Feng Wei, Wang Feifan, Han Ruize, Gan Yiyang, Qian Zekun, Hou Junhui, Wang Song
IEEE Trans Pattern Anal Mach Intell. 2025 Jan;47(1):351-368. doi: 10.1109/TPAMI.2024.3463966. Epub 2024 Dec 4.
Multi-view multi-human association and tracking (MvMHAT), is an emerging yet important problem for multi-person scene video surveillance, aiming to track a group of people over time in each view, as well as to identify the same person across different views at the same time, which is different from previous MOT and multi-camera MOT tasks only considering the over-time human tracking. This way, the videos for MvMHAT require more complex annotations while containing more information for self-learning. In this work, we tackle this problem with an end-to-end neural network in a self-supervised learning manner. Specifically, we propose to take advantage of the spatial-temporal self-consistency rationale by considering three properties of reflexivity, symmetry, and transitivity. Besides the reflexivity property that naturally holds, we design the self-supervised learning losses based on the properties of symmetry and transitivity, for both appearance feature learning and assignment matrix optimization, to associate multiple humans over time and across views. Furthermore, to promote the research on MvMHAT, we build two new large-scale benchmarks for the network training and testing of different algorithms. Extensive experiments on the proposed benchmarks verify the effectiveness of our method. We have released the benchmark and code to the public.
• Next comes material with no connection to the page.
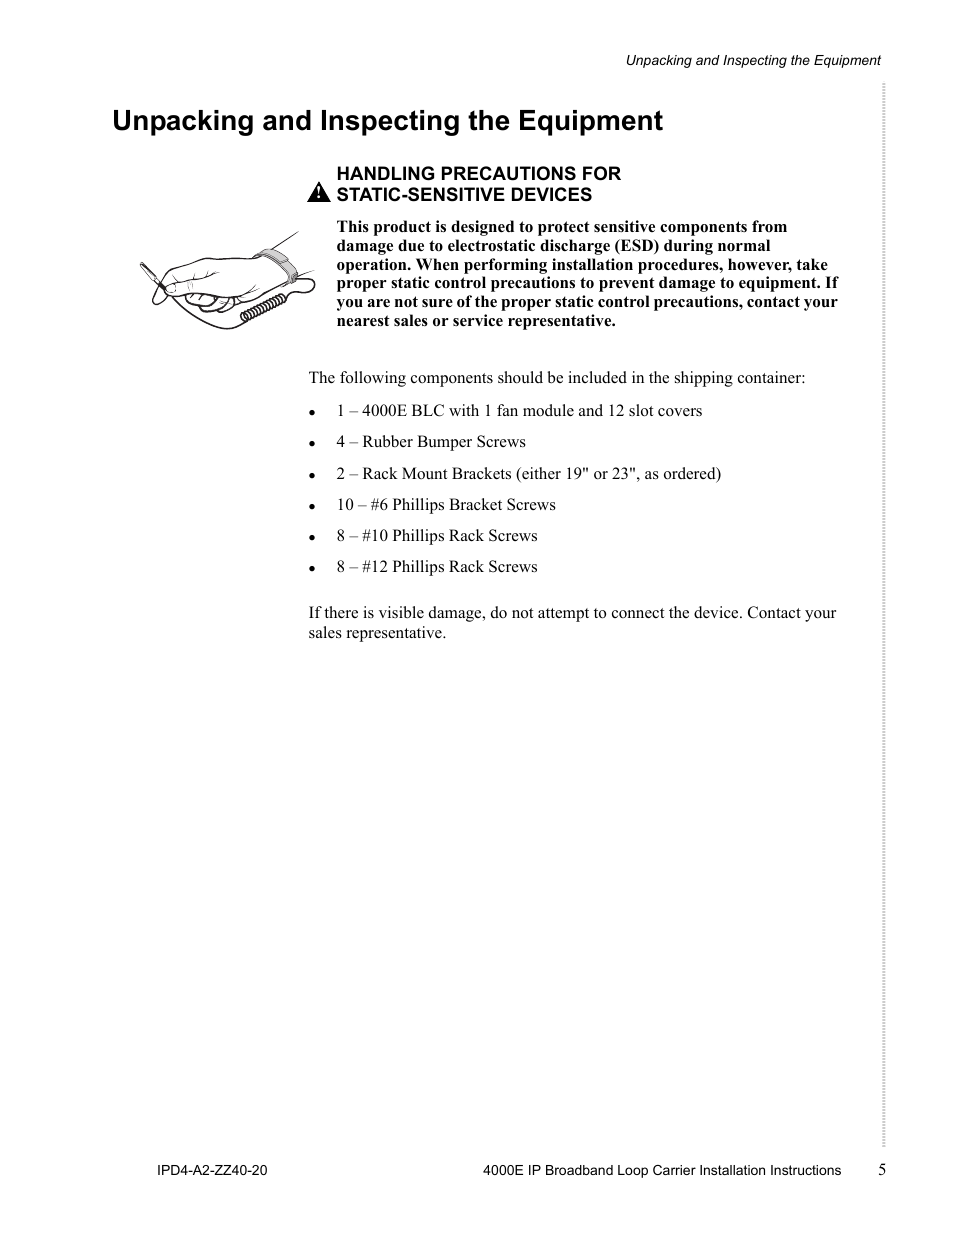 Unpacking and inspecting the equipment | Zhone Technologies 4000E User Manual | Page 5 / 22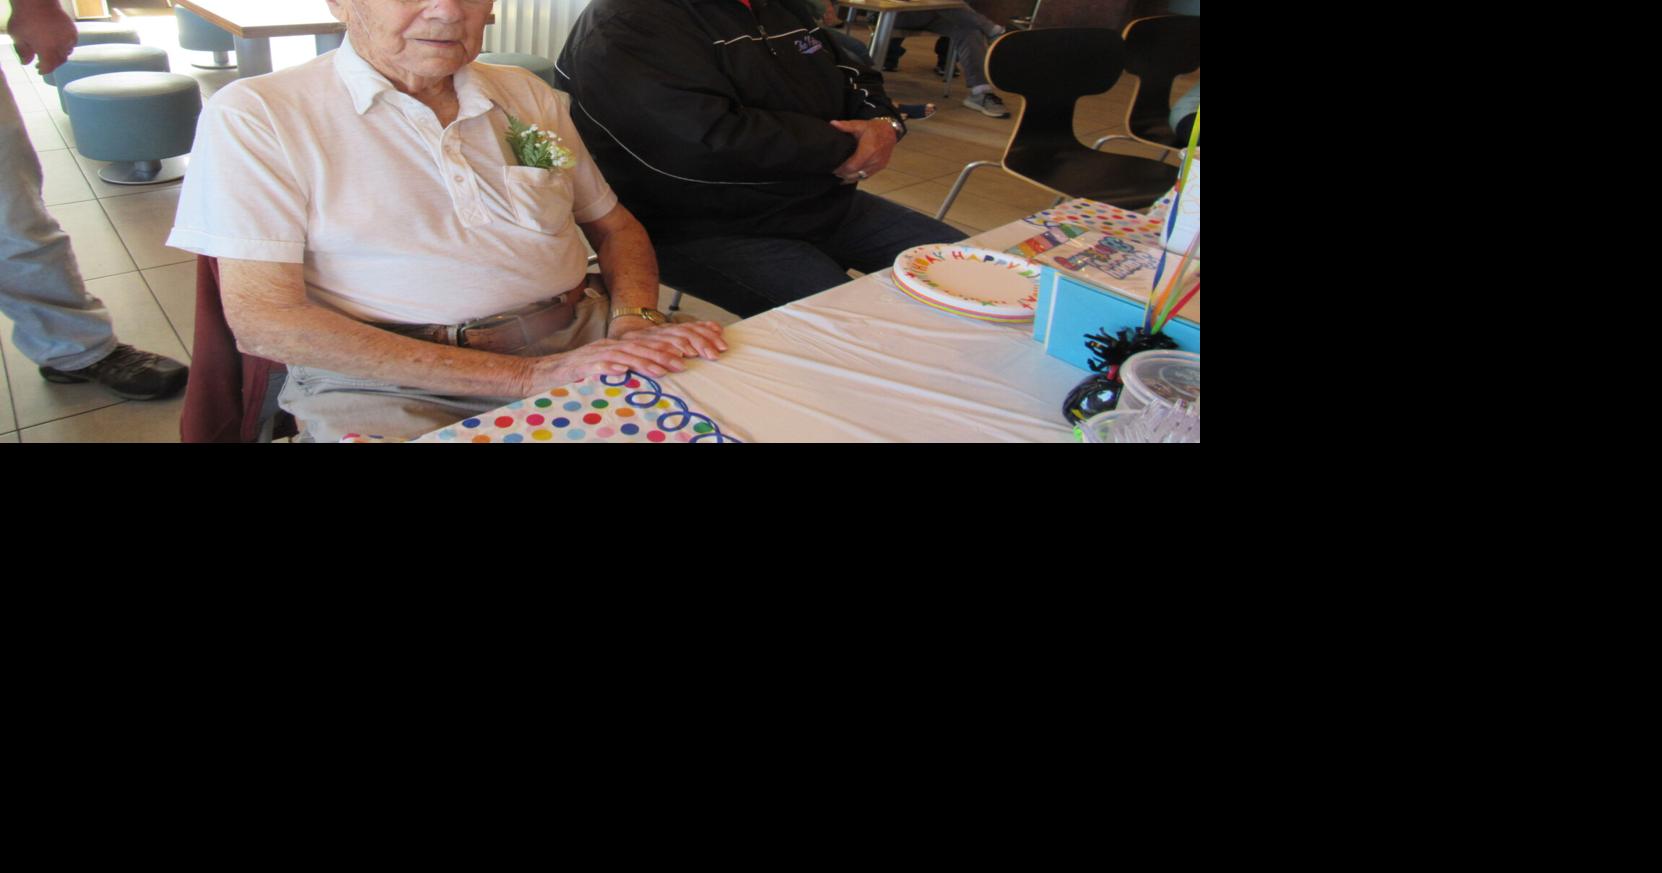 Massena man receives surprise party in advance of 100th birthday

多视角多人关联与跟踪(MvMHAT)是多人场景视频监控中一个新兴但重要的问题,旨在在每个视角下随时间跟踪一群人,同时在同一时间跨不同视角识别同一个人,这与之前仅考虑随时间进行人体跟踪的多目标跟踪(MOT)和多摄像机多目标跟踪任务不同。通过这种方式,MvMHAT的视频需要更复杂的标注,同时包含更多用于自学习的信息。在这项工作中,我们以自监督学习的方式用端到端神经网络解决这个问题。具体来说,我们建议通过考虑自反性、对称性和传递性这三个属性来利用时空自一致性原理。除了自然成立的自反性属性外,我们基于对称性和传递性属性设计自监督学习损失,用于外观特征学习和分配矩阵优化,以随时间和跨视角关联多个人。此外,为了推动对MvMHAT的研究,我们为不同算法的网络训练和测试构建了两个新的大规模基准。在所提出的基准上进行的大量实验验证了我们方法的有效性。我们已将基准和代码公开发布。